**YOUR INSTRUCTIONS:** Transcribe the whole listing exactly; the images stay out.

**RECORDED DATA:**

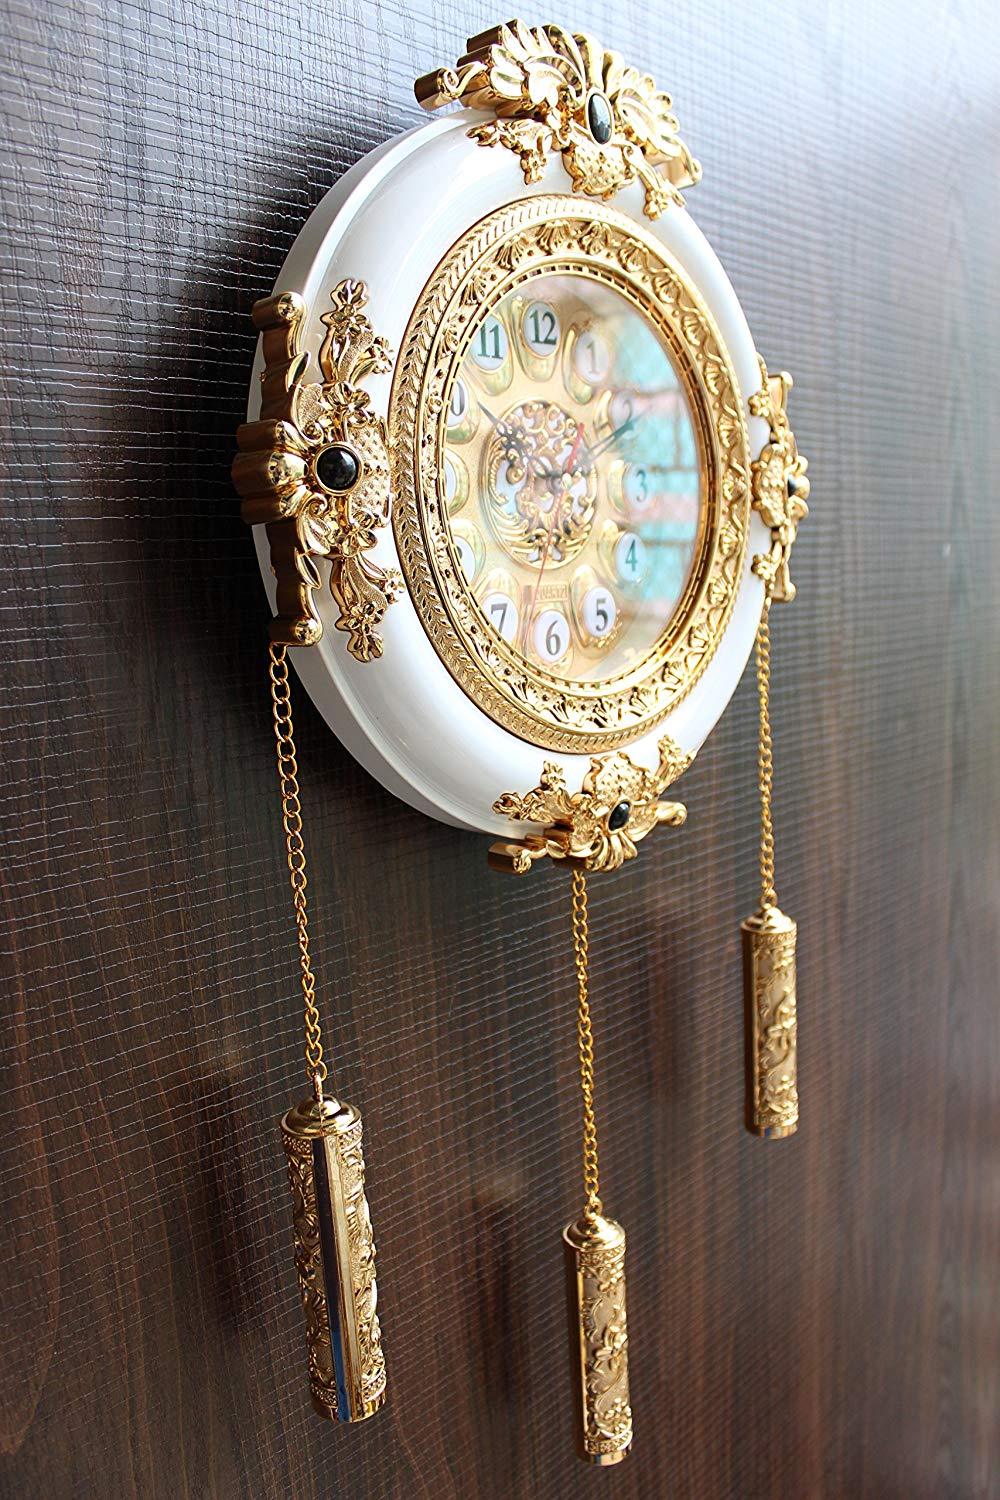 FunkyTradition Royal Designer Gold Plated White Premium String Hanging Wall Clock for Home Office Decor 55 cm Tall
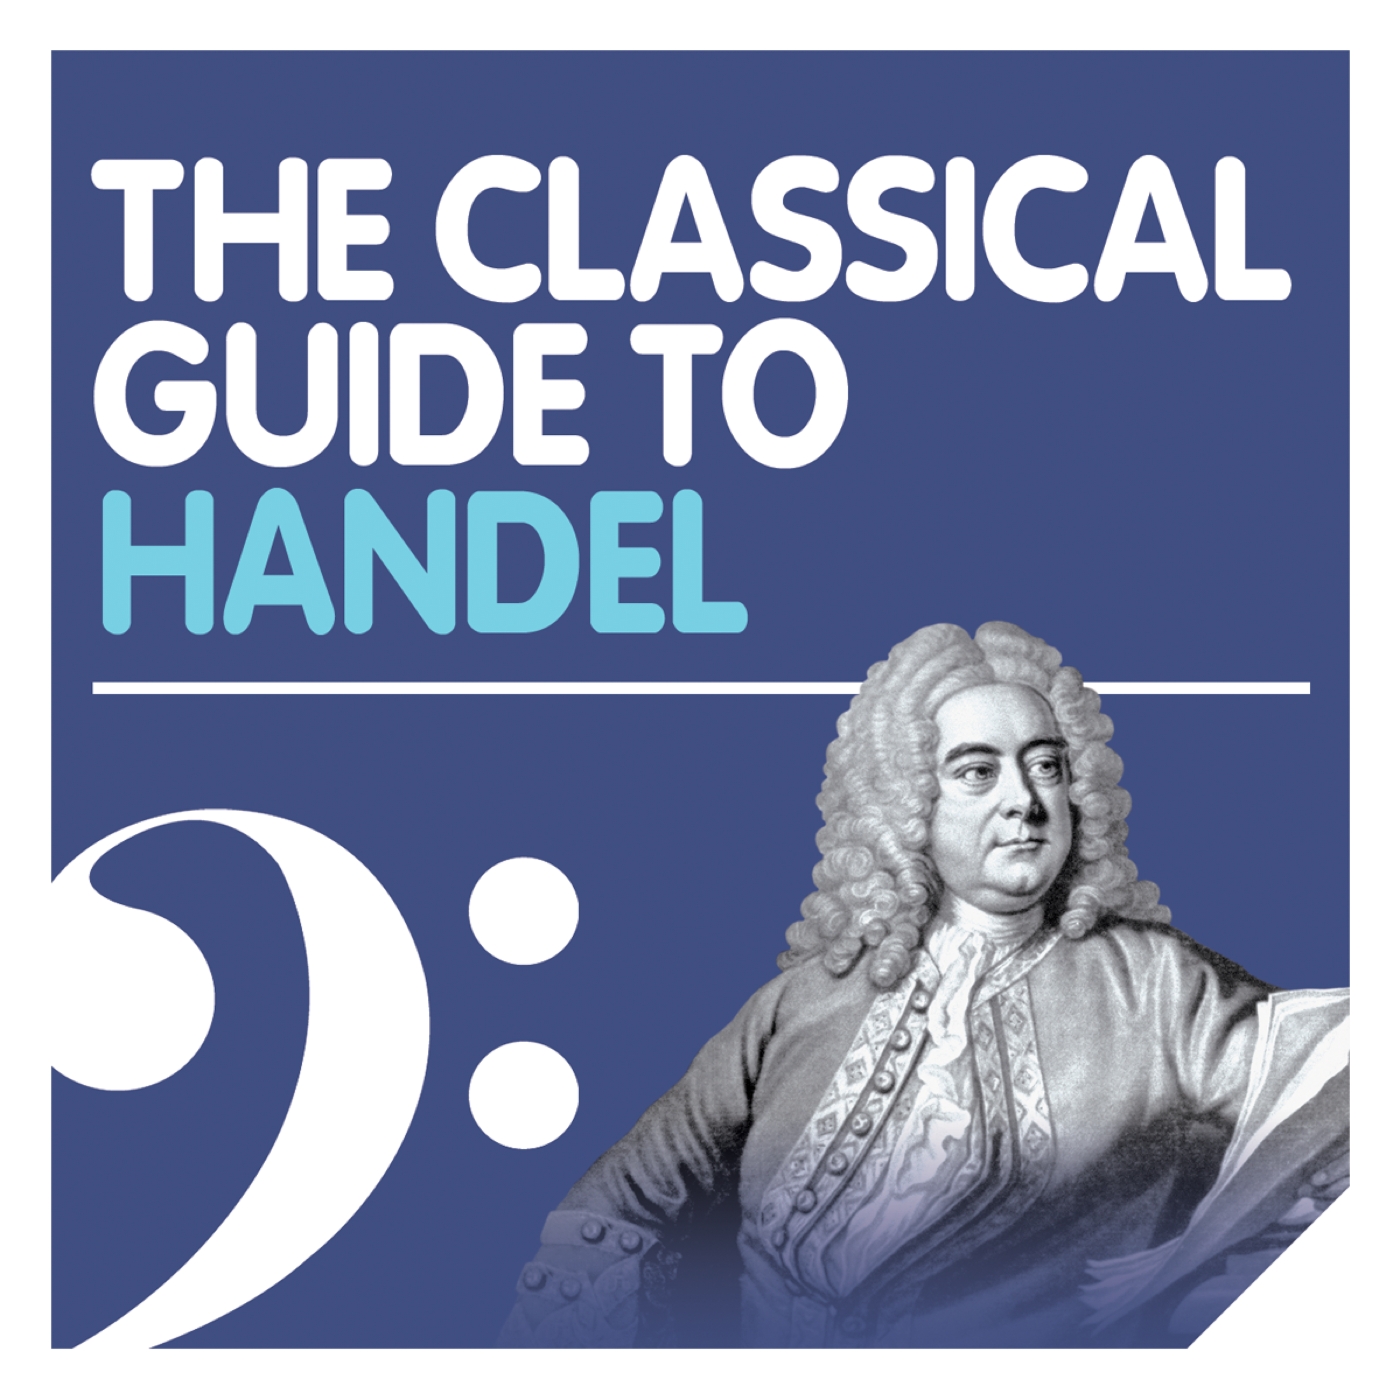 The Classical Guide to Handel
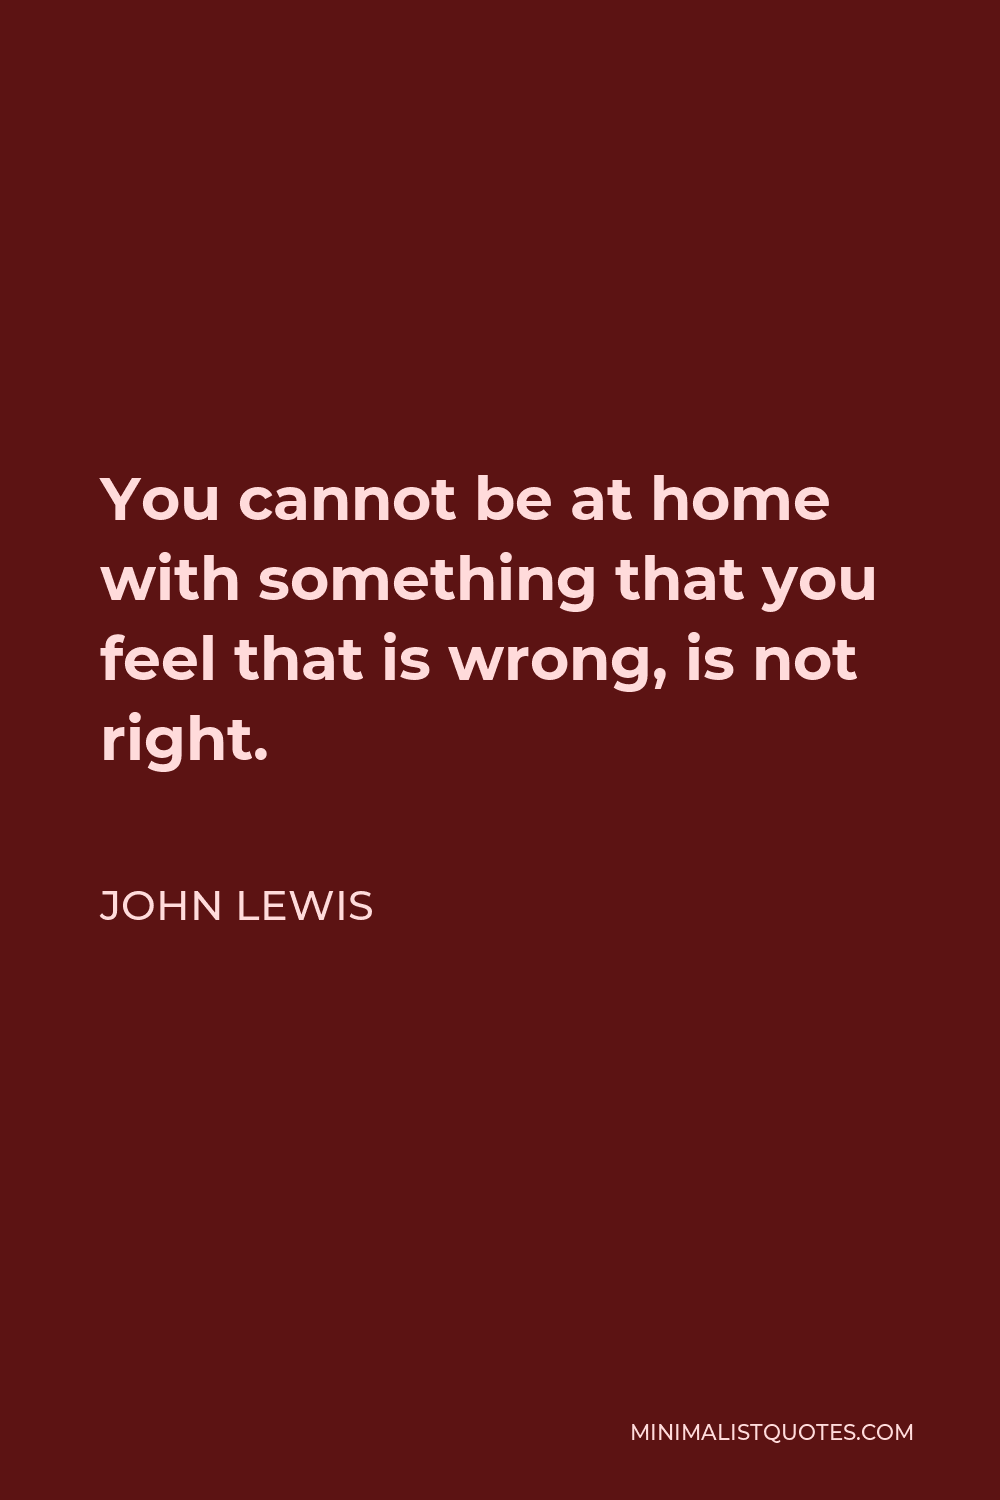 John Lewis Quote - You cannot be at home with something that you feel that is wrong, is not right.
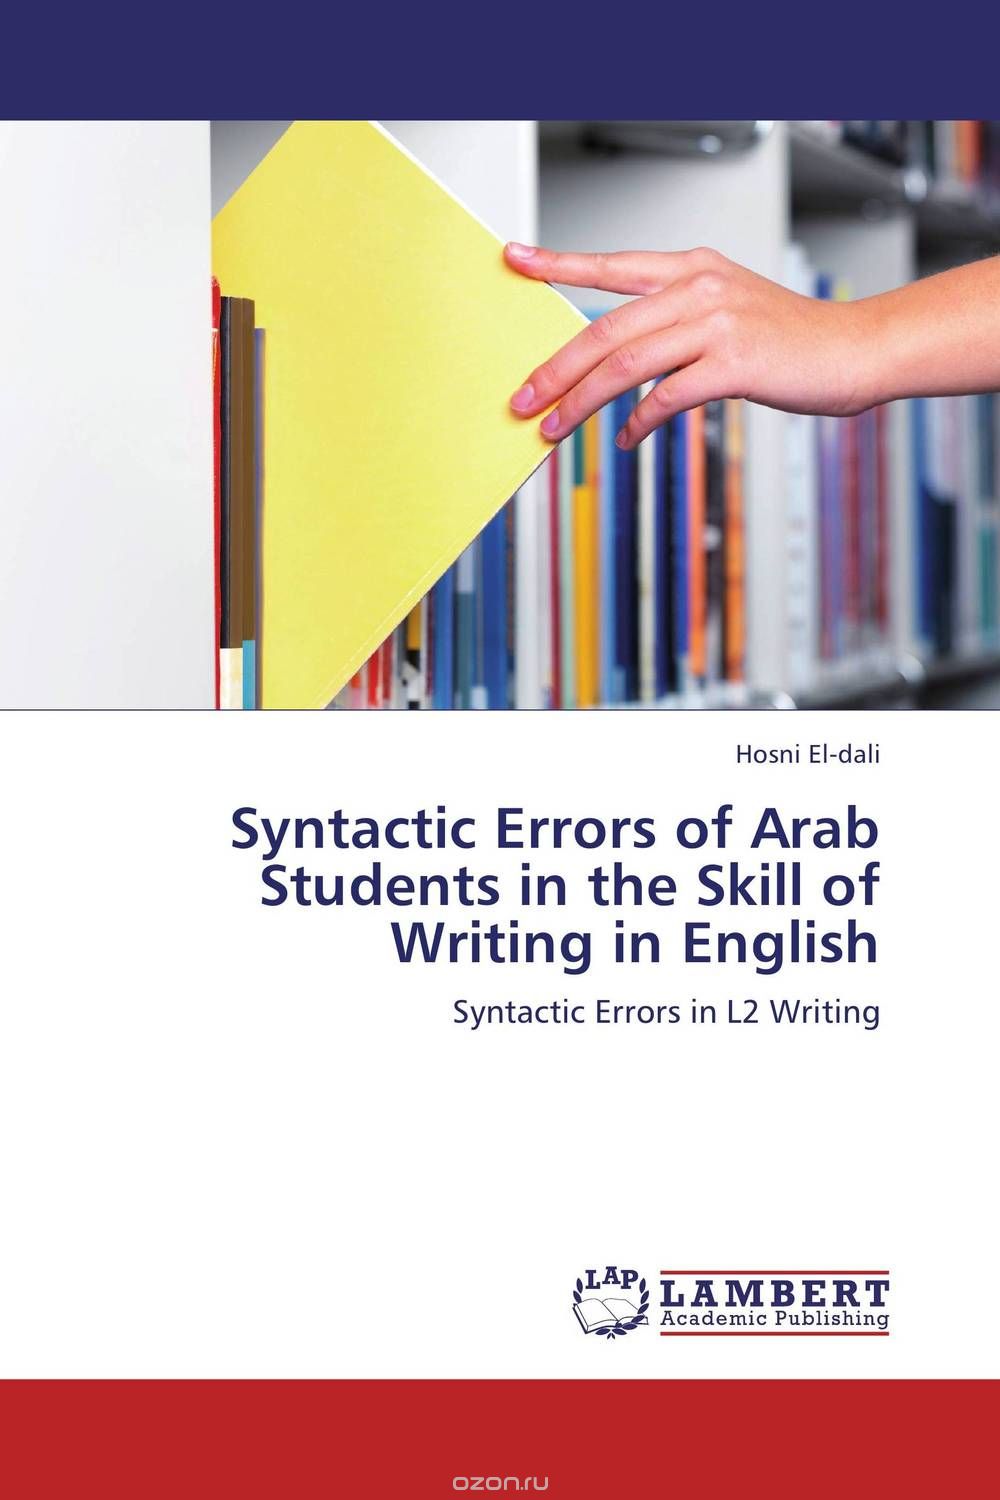 Скачать книгу "Syntactic Errors of Arab Students in the Skill of Writing in English"

**TASK RESULT:**
 FunkyTradition Royal Designer Gold Plated White Premium String Hanging Wall Clock for Home Office Decor 55 cm Tall
 The Classical Guide to Handel
 John Lewis Quote - You cannot be at home with something that you feel that is wrong, is not right.
 Скачать книгу "Syntactic Errors of Arab Students in the Skill of Writing in English"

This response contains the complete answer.